---- SOURCE DATA

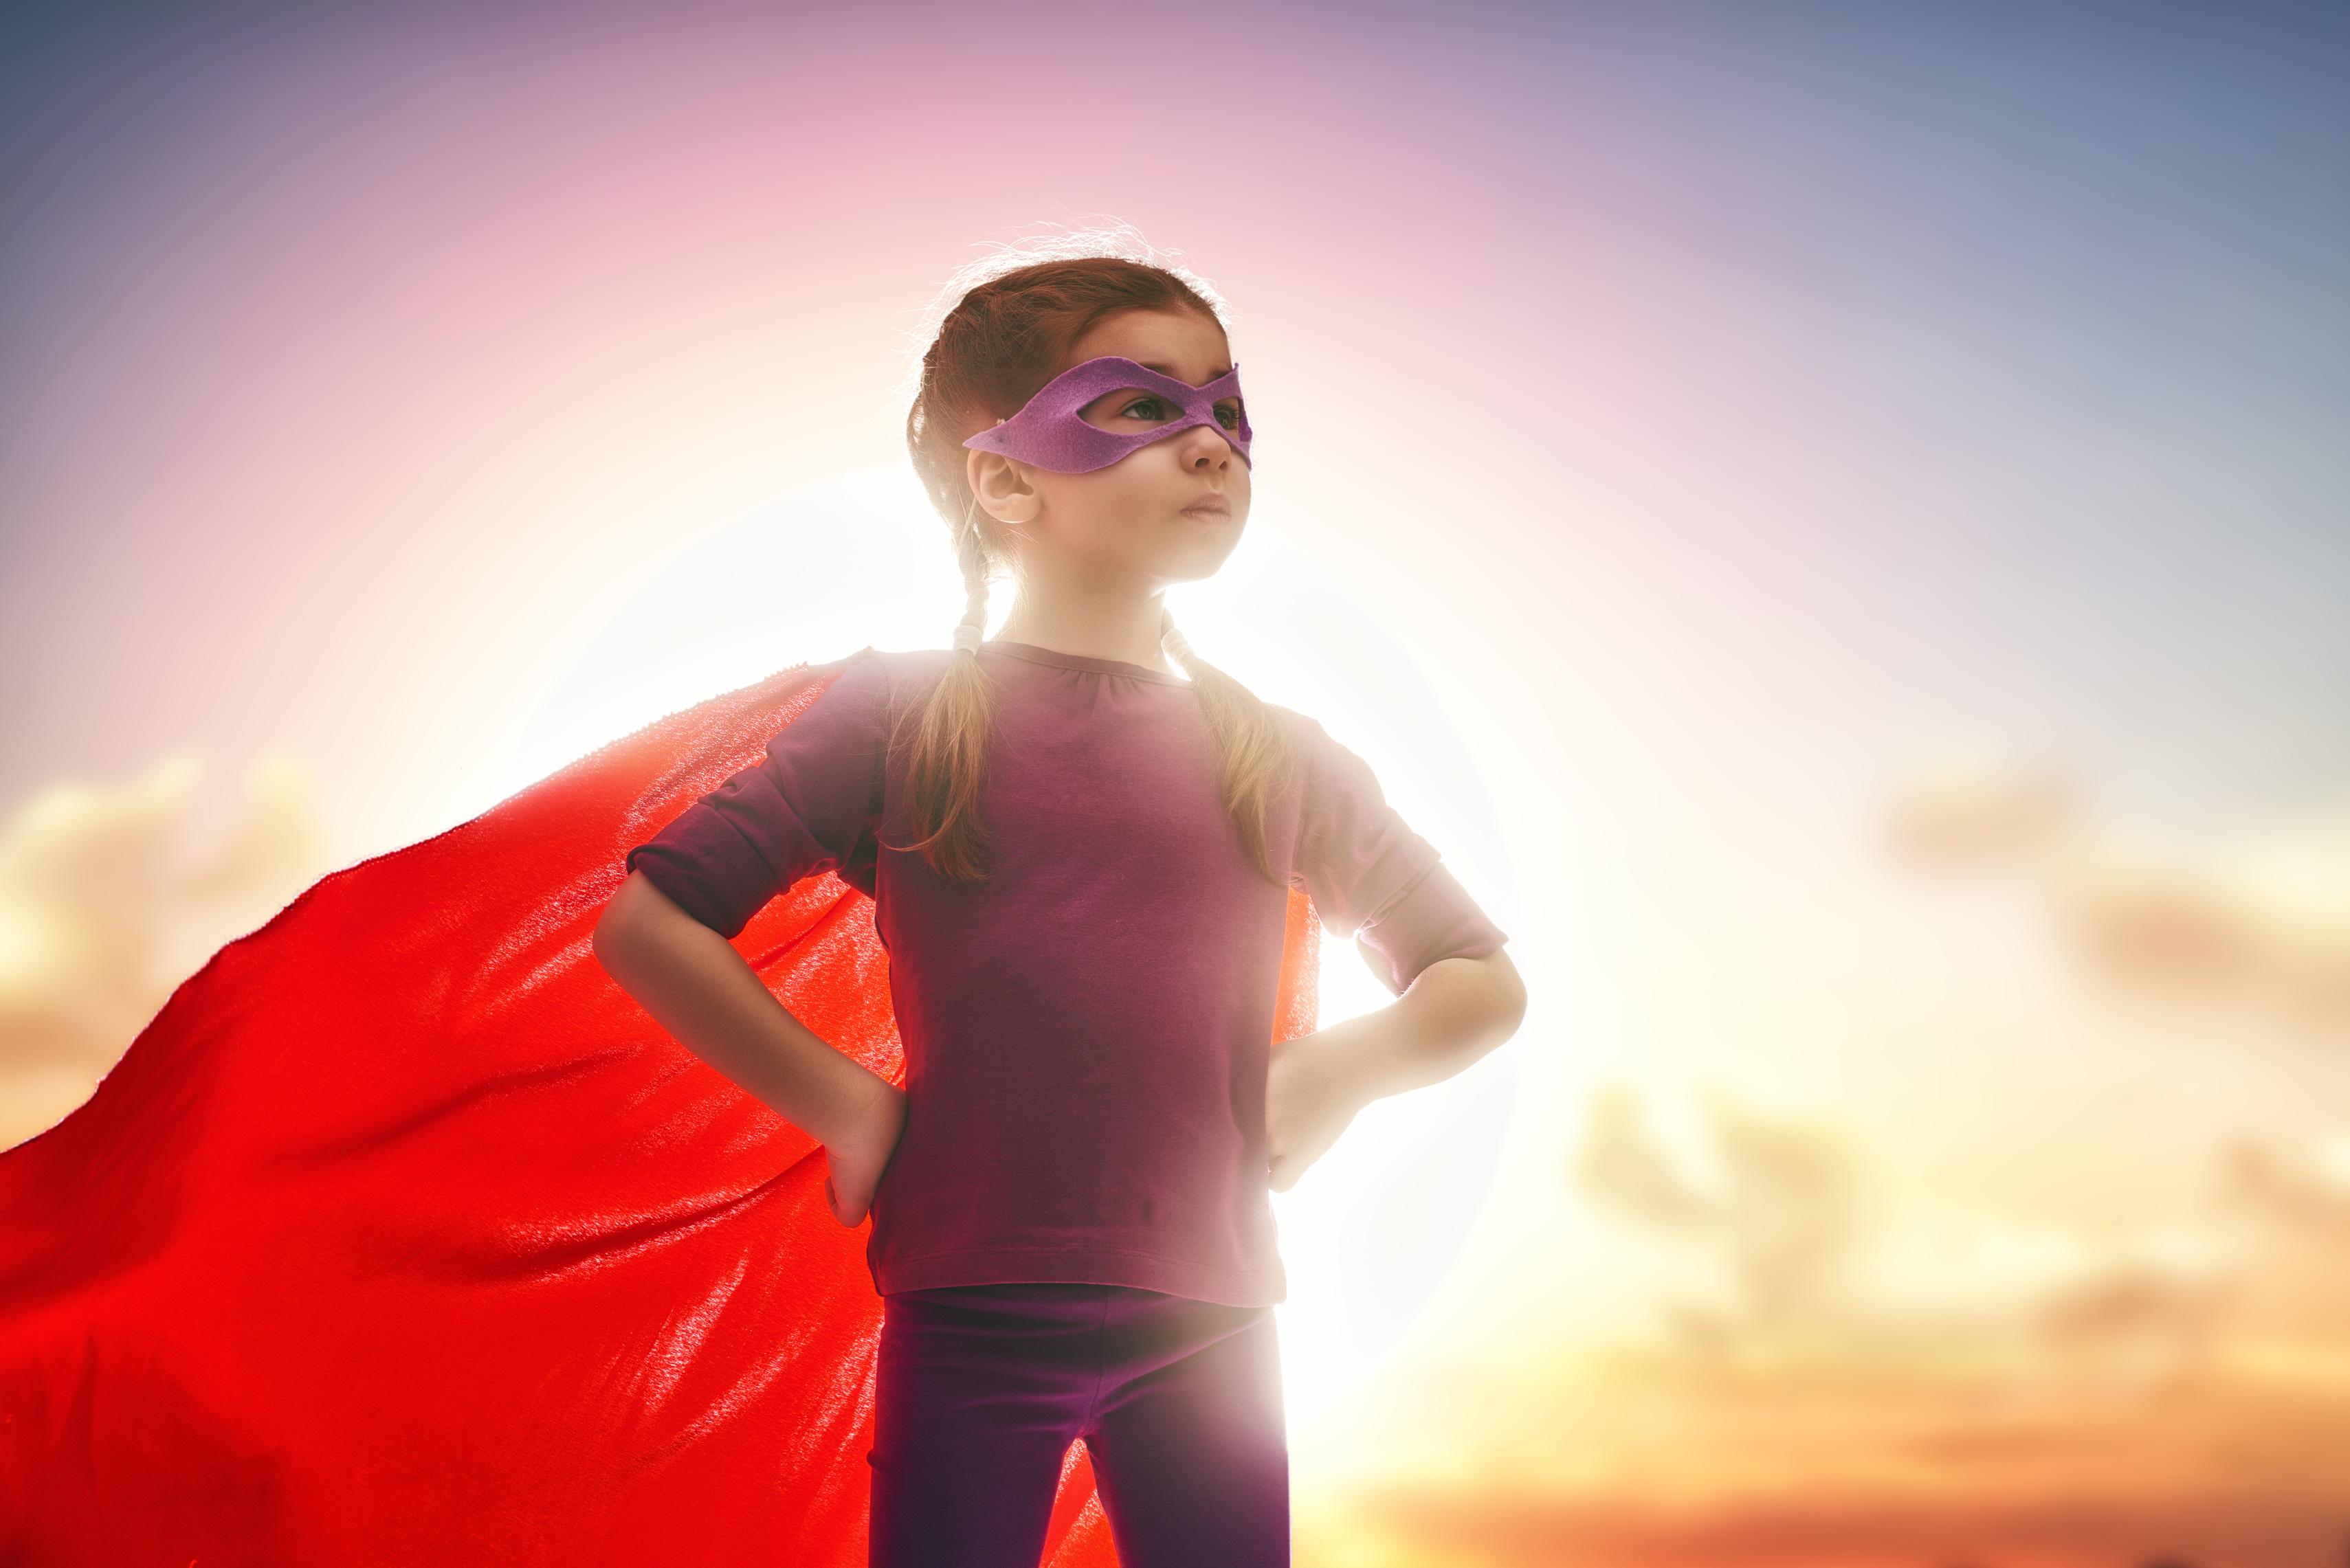 Little child girl plays superhero. Child on the background of sunset sky. Girl power concept
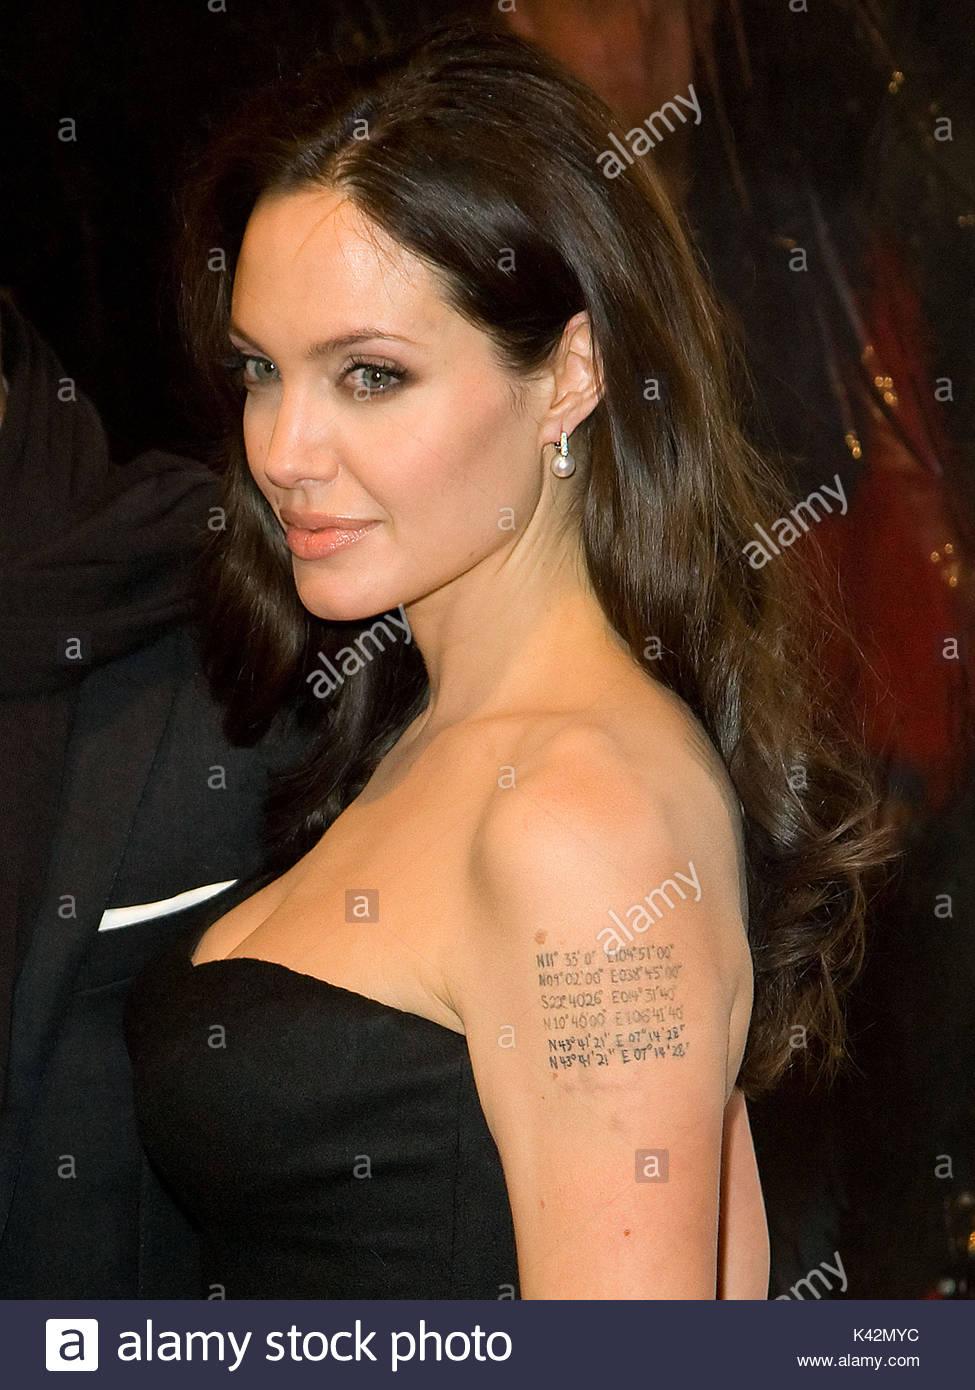 Angelina Jolie. Angelina Jolie's tattoos and their ...
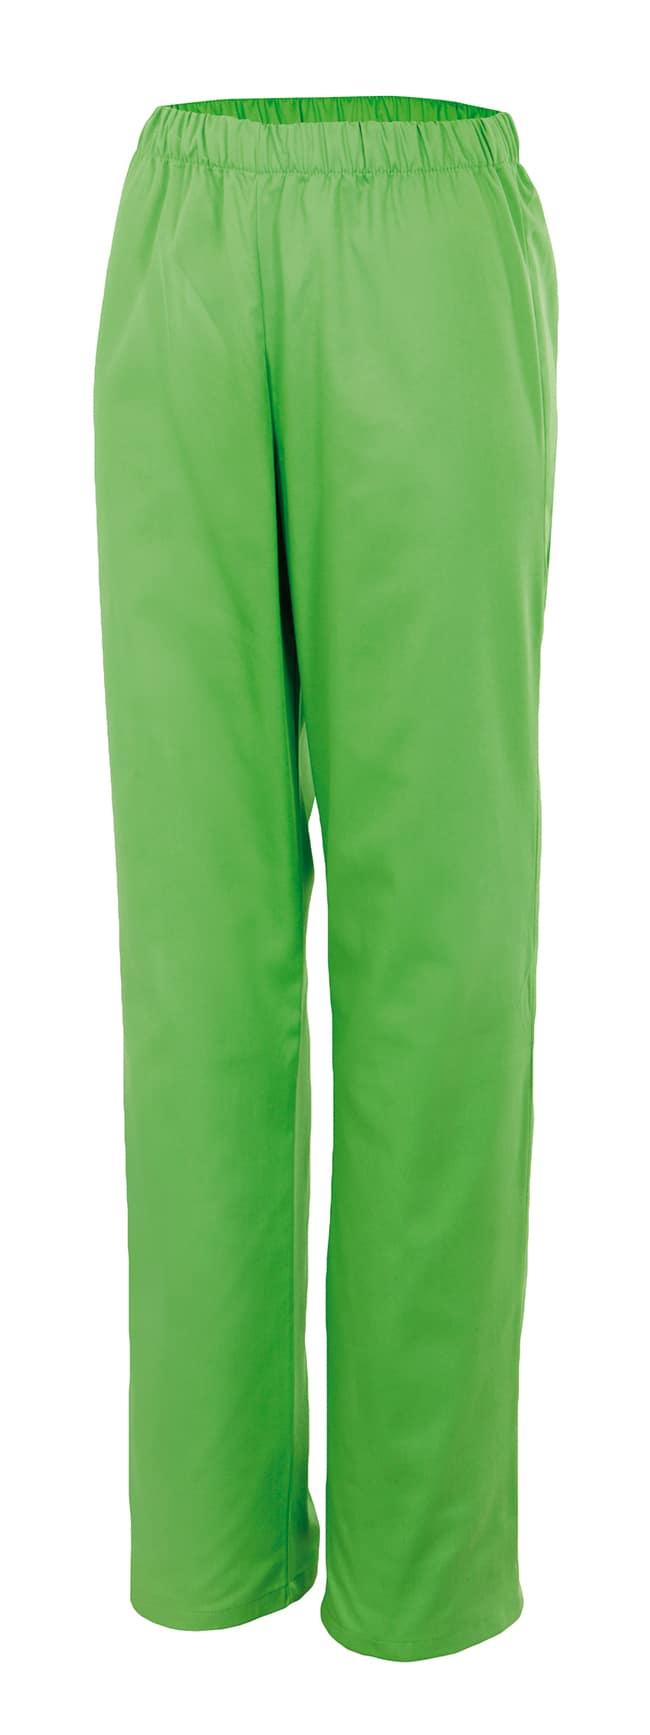 Velilla 333 PantalÓn Pijama Verde Lima
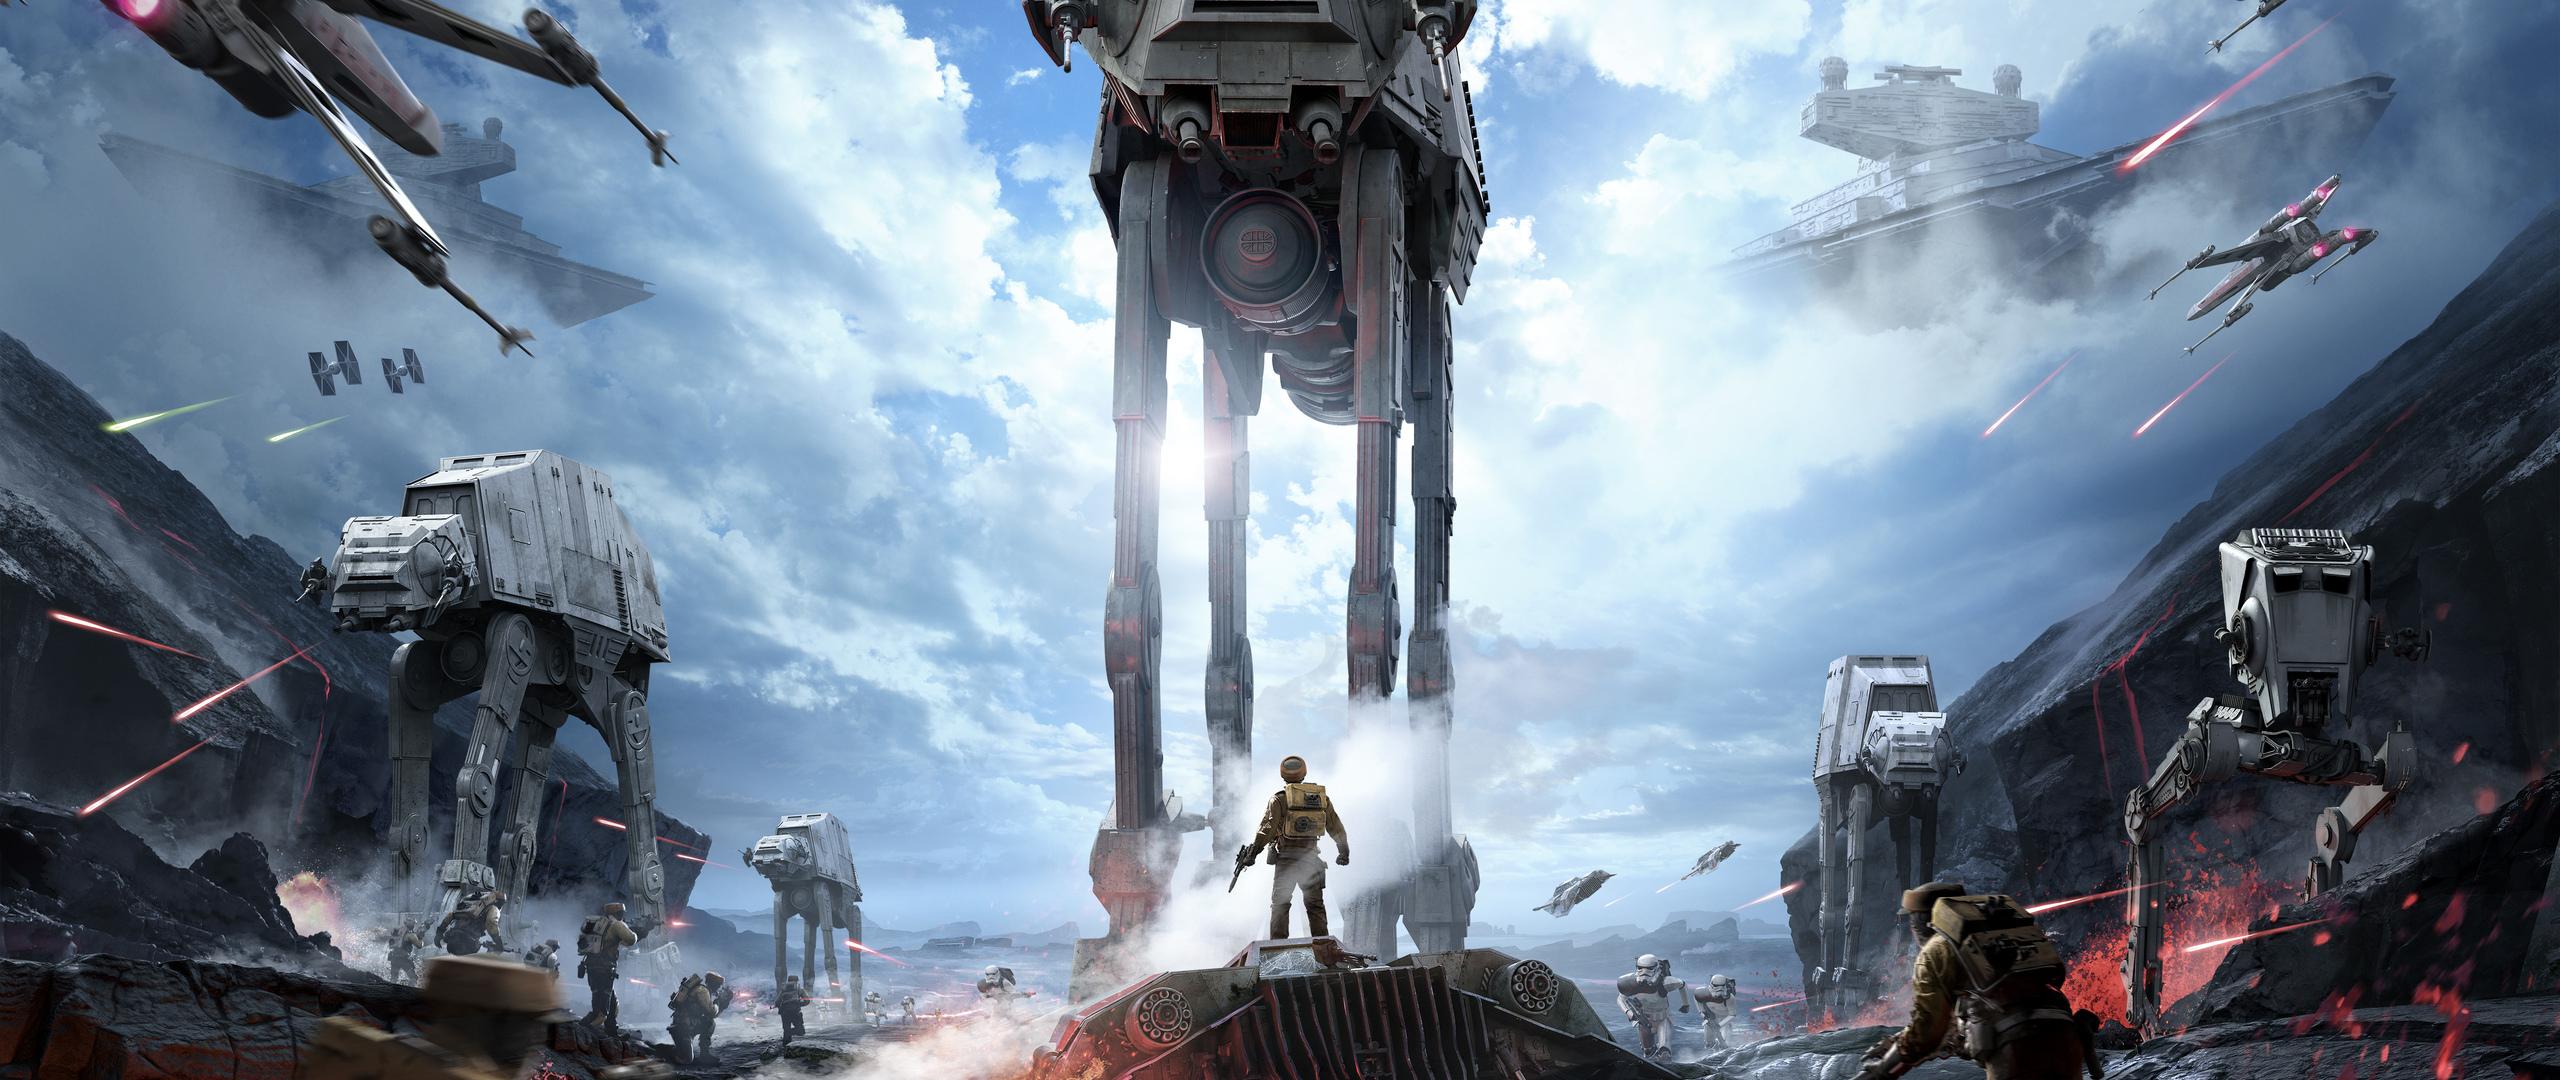 Star Wars: Episode VII The Force Awakens, Captain Phasma, Star Wars HD  Wallpaper. 2560x1080

--------

The response consists of the data above printed line for line, with no pictures.

» **RESPONSE BELOW**:
 Little child girl plays superhero. Child on the background of sunset sky. Girl power concept
 Angelina Jolie. Angelina Jolie's tattoos and their ...
 Velilla 333 PantalÓn Pijama Verde Lima
 Star Wars: Episode VII The Force Awakens, Captain Phasma, Star Wars HD  Wallpaper. 2560x1080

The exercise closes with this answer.